Specify Training Options

Specify the training options:

  • Train using the Adam solver.

  • Specify a mini-batch size of 16.

  • Shuffle the data every epoch.

  • Monitor the training progress by setting the 'Plots' option to 'training-progress'.

  • Specify the validation data using the 'ValidationData' option.

  • Suppress verbose output by setting the 'Verbose' option to false.

By default, trainNetwork uses a GPU if one is available (requires Parallel Computing Toolbox™ and a CUDA® enabled GPU with compute capability 3.0 or higher). Otherwise, it uses the CPU. To specify the execution environment manually, use the 'ExecutionEnvironment' name-value pair argument of trainingOptions. Training on a CPU can take significantly longer than training on a GPU.

options = trainingOptions('adam', ...
    'MiniBatchSize',16, ...
    'GradientThreshold',2, ...
    'Shuffle','every-epoch', ...
    'ValidationData',{XValidation,YValidation}, ...
    'Plots','training-progress', ...
    'Verbose',false);

Train the LSTM network using the trainNetwork function.

net = trainNetwork(XTrain,YTrain,layers,options);

Predict Using New Data

Classify the event type of three new reports.
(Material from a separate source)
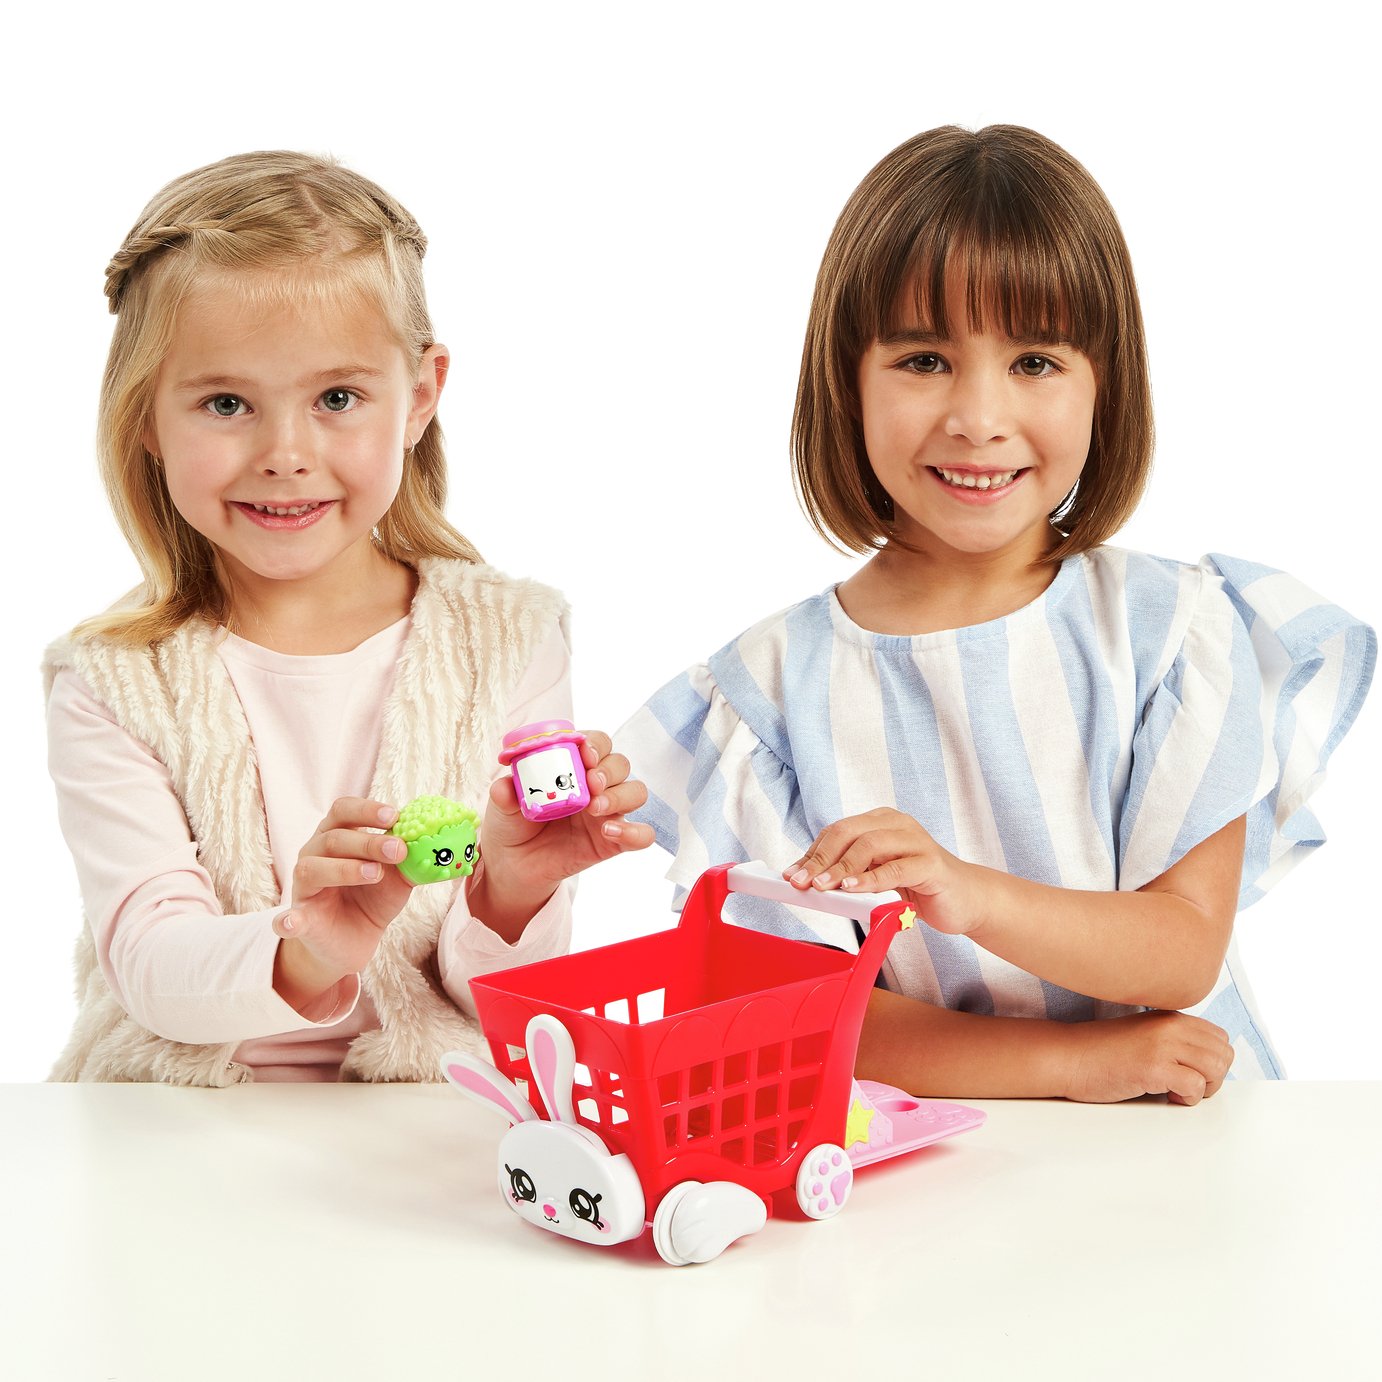 Kindi Kids Rabbit Petkin Shopping Cart and Shopkins Review

Create a string array containing the new reports.

reportsNew = [ ...
    "Coolant is pooling underneath sorter."
    "Sorter blows fuses at start up."
    "There are some very loud rattling sounds coming from the assembler."];

Preprocess the text data using the preprocessing steps as the training documents.

documentsNew = preprocessText(reportsNew);

Convert the text data to sequences using doc2sequence with the same options as when creating the training sequences.

XNew = doc2sequence(enc,documentsNew,'Length',sequenceLength);

Classify the new sequences using the trained LSTM network.

labelsNew = classify(net,XNew)
labelsNew = 3×1 categorical
     Leak 
     Electronic Failure 
     Mechanical Failure 

Preprocessing Function

The function preprocessText performs these steps:

  1. Tokenize the text using tokenizedDocument.

  2. Convert the text to lowercase using lower.

  3. Erase the punctuation using erasePunctuation.

function documents = preprocessText(textData)

% Tokenize the text.
documents = tokenizedDocument(textData);

% Convert to lowercase.
documents = lower(documents);

% Erase punctuation.
documents = erasePunctuation(documents);

end

See Also

| | | | | (Deep Learning Toolbox) | (Deep Learning Toolbox) | (Deep Learning Toolbox) | (Deep Learning Toolbox)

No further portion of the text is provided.